Yeah, Lewis Black used to be on The Daily Show...the "Back In Black" hasn't been on there in quite some time.


----------



## James Long

Justin23 said:


> Yeah, Lewis Black used to be on The Daily Show...the "Back In Black" hasn't been on there in quite some time.


His last appearance I can find was February 21st when he raked the media over the coals for their coverage of Whitney Houston's death and all the puns the media was making. "Can we cool it with the word play? When Cronkite announced the death of JFK, it wasn't with a clever 'Ask not, who got shot in Dallas today!'"

Here is the archive on The Daily Show website: Back in Black


----------



## Cholly

Thanks for the link, James! I saw the show last night and Black was in great form. He's indeed a funny man. I missed him when he was in Charlotte recently.


----------



## hdtvfan0001

Lewis is indeed a 1st tier funny guy. Having seen him twice in person...he's even funnier on his tour shows.

His DVDs sell very well, and my signed photo of him is one of my collector's items.

What makes him somewhat unique is that both men and women are balanced in his audiences - that is not all that common.

A funny guy, and as Dave said in the OP - in typically great form on the Daily Show.


----------



## billsharpe

Lewis may be much funnier when watched late at night rather than at 10 o'clock in the morning.

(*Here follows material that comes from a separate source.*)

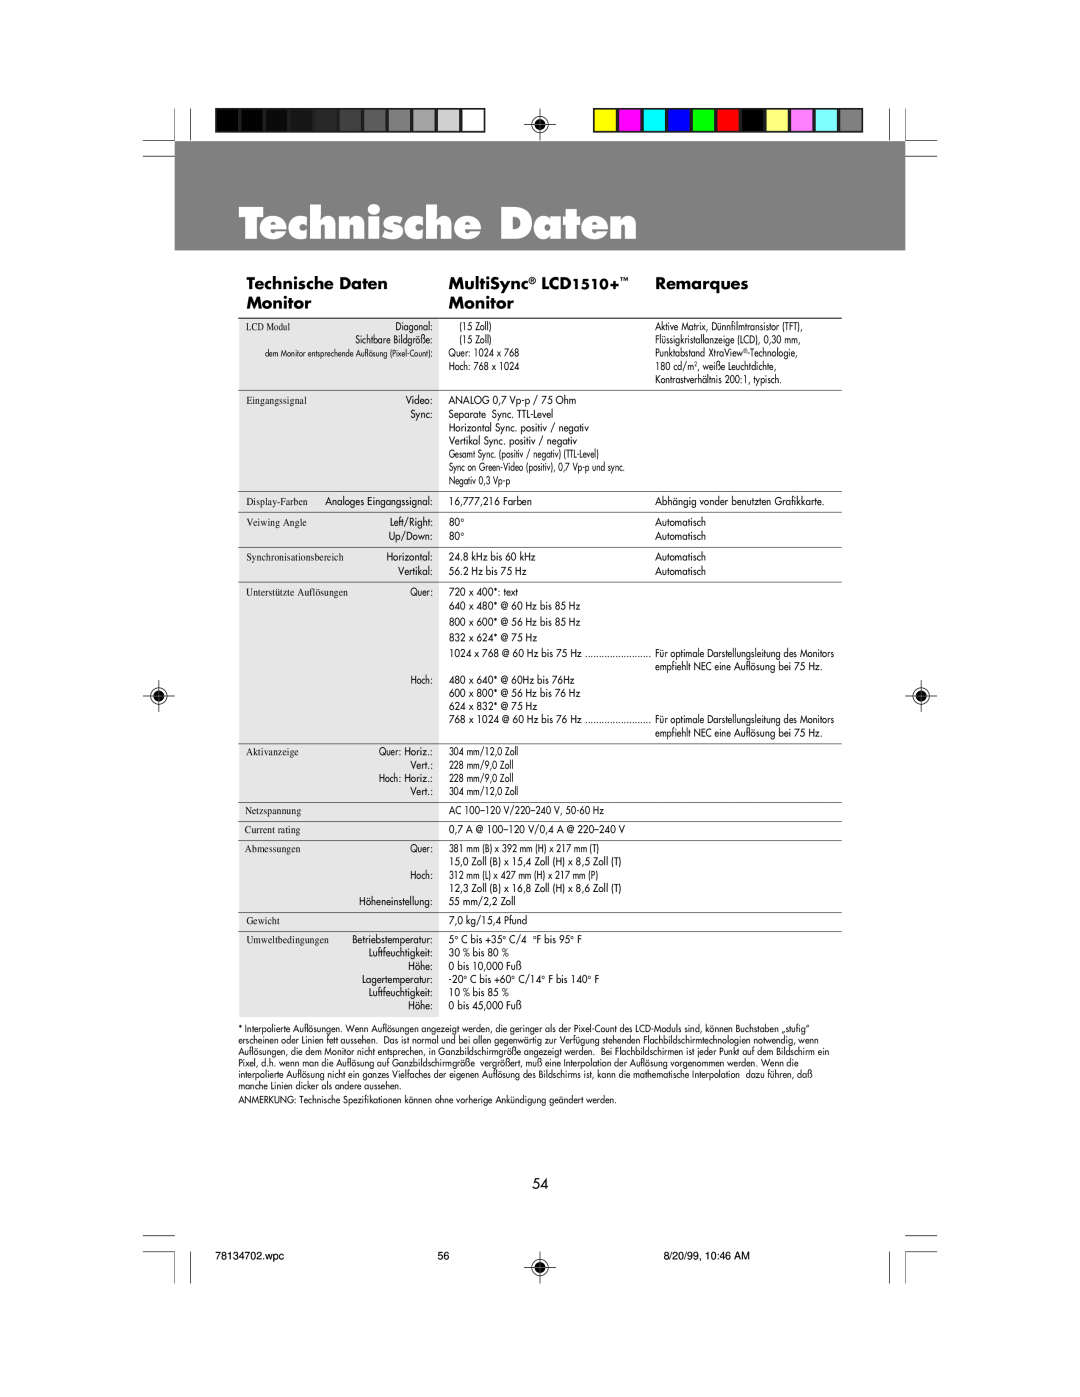 NEC user manual Technische Daten, MultiSync LCD1510+, Remarques, Monitor

Sorry, I didn't laugh at all...


----------



## Nick

billsharpe said:


> Lewis may be much funnier when watched late at night rather than at 10 o'clock in the morning.
> 
> Sorry, I didn't laugh at all...


Lewis Black is funny, but a few drinks makes him freakin hilarious.


----------



## Stuart Sweet

Man, sorry I missed this!


----------



## hdtvfan0001

Stuart Sweet said:


> Man, sorry I missed this!


The good news at least is that you have the ability to get the spelling changed correctly in the heading.


----------